BIOGRAPHICAL STATEMENT
Rabbi Dr. Bernard Lander (June 17, 1915 – February 8, 2010), founder and first president of Touro College, was a social scientist and educator, a leader in the Jewish community and a pioneer in Jewish and general higher education. He earned a bachelor’s degree in 1936 from Yeshiva College and was ordained as an Orthodox rabbi in 1938, serving as Rabbi at Baltimore’s Congregation Beth Jacob.
Returning to New York City in 1944, he earned a doctorate in sociology from Columbia University and taught as a professor of sociology for over two decades at Hunter College and Yeshiva University, where he established the university's graduate schools of education, psychology and social work and served as dean of its Bernard Revel Graduate School of Jewish Studies from 1954 to 1969. For eight years he served as a senior director of a national study for the University of Notre Dame of South Bend, Indiana on the problems of youth. He authored a book of his research in Baltimore entitled Towards an Understanding of Juvenile Delinquency as well as numerous articles in the field of sociology. He also served as a consultant to the Maryland State Commission on Juvenile Delinquency. Dr. Lander was honored by the Council of New York State College Presidents for his lifetime contributions to higher education. A former president of the Queens Jewish Center in Forest Hills, Queens, he was also an Honorary Vice President of the Union of Orthodox Jewish Congregations of America.

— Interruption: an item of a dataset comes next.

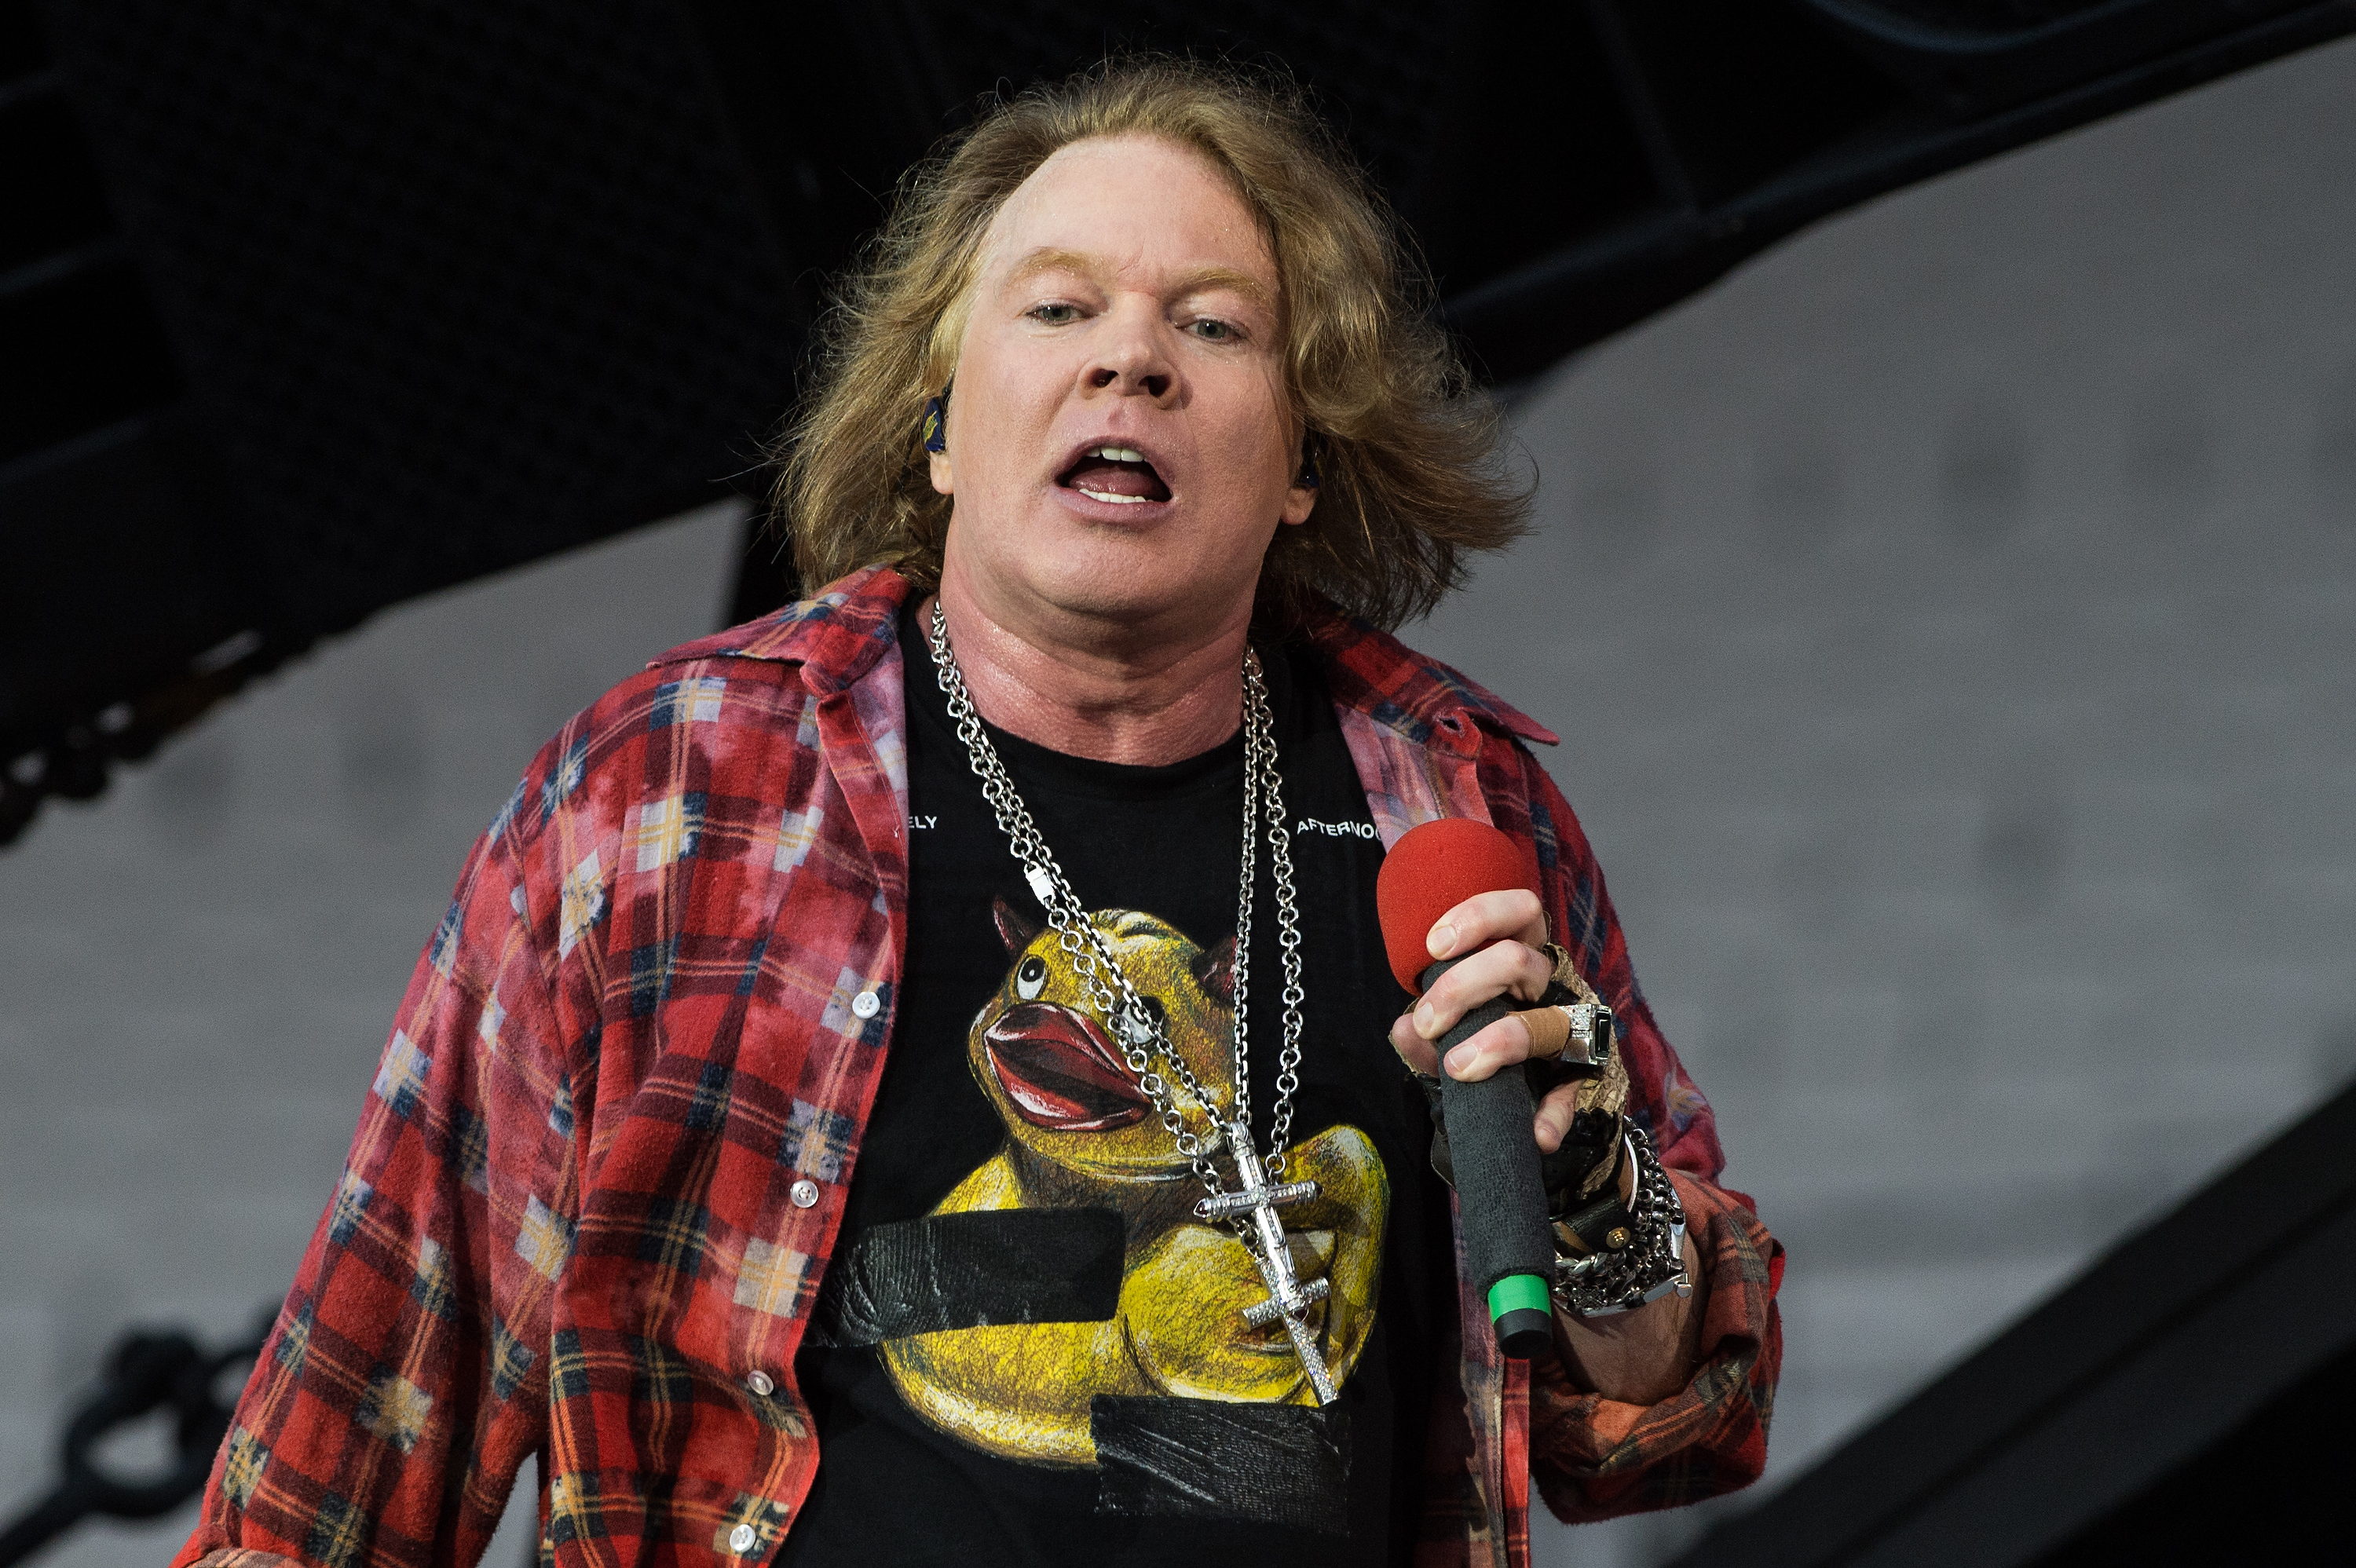 Axl Rose Tests The Streisand Effect By Demanding Google Removes Fat Photos ...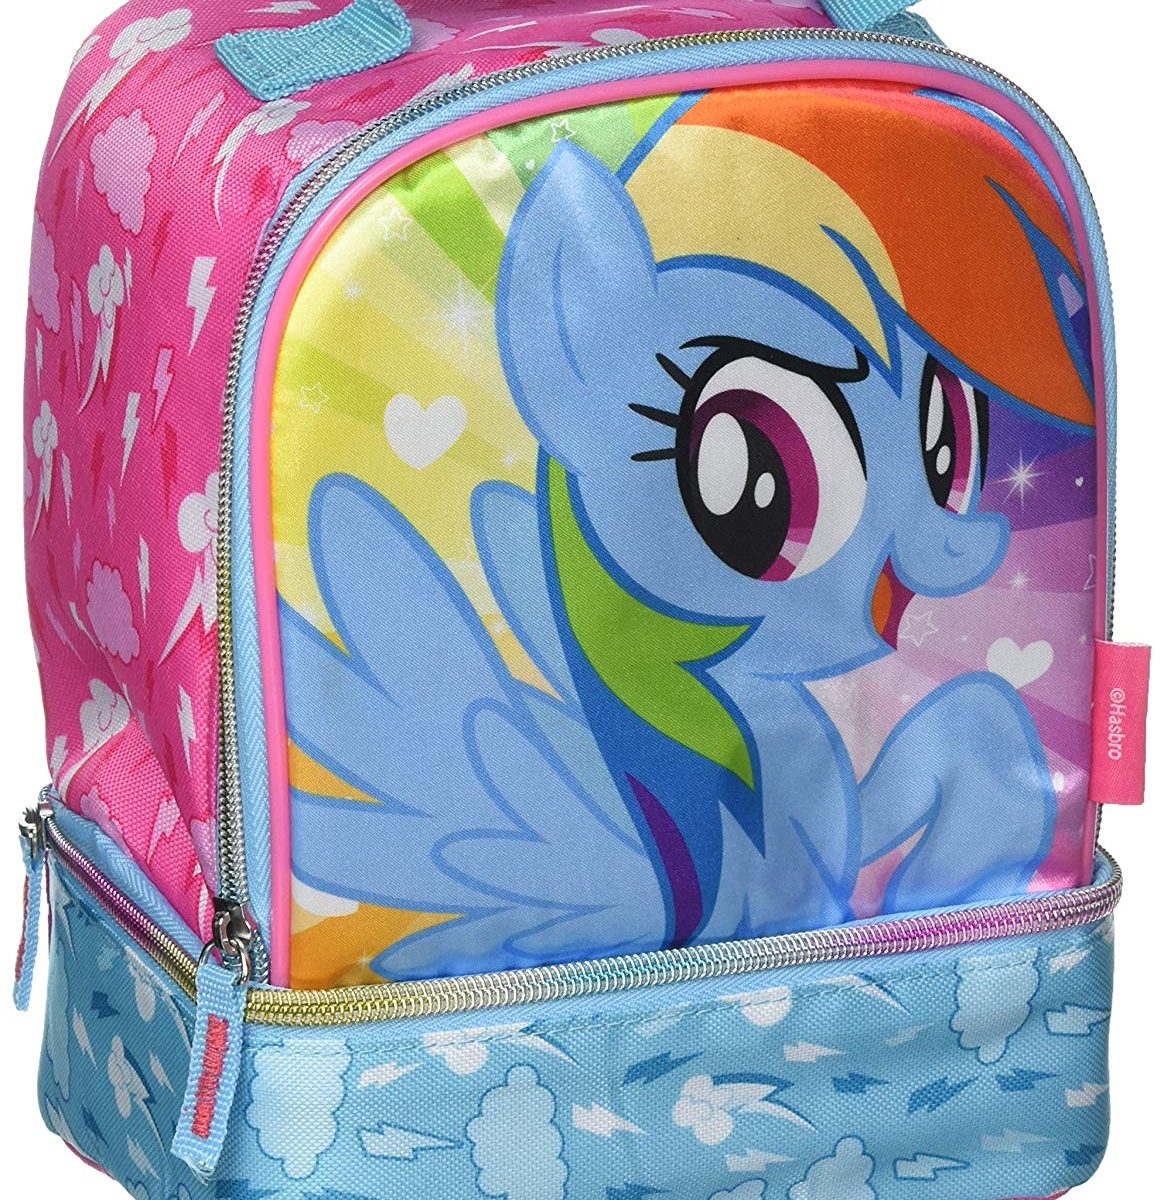 MLP: TM Thermos Dual Compartment Lunch Kit 1

Dr. Lander was the recipient of the landmark ruling by Rabbi Moshe Feinstein concerning the Orthodox position on Christian-Jewish dialogue in a 1967 letter published in Igros Moshe. Dr. Lander was one of three associate directors of New York City Mayor Fiorello La Guardia's Committee on Unity, established in 1944 as the city's first Commission on Human Rights. The multi-faith commission prepared the first civil rights legislation for 4 New York State. He later served as a consultant to three United States Presidents and was part of the seven-member commission that established the historic "War on Poverty" program in the U.S. He served as a consultant to the White House Conference on Children and Youth, on an advisory council on public assistance established by Congress, and was a member of the President's Advisory Committee on Juvenile Delinquency and Youth Crime under the Johnson and Kennedy administrations.
In 1970, he founded Touro College and presided over its growth into a multi-campus, international university with approximately 17,500 students at campus locations in New York, California, Florida, Nevada, Israel, Russia, France and Germany. Touro offers programs in liberal arts, medical schools and a law school, among others.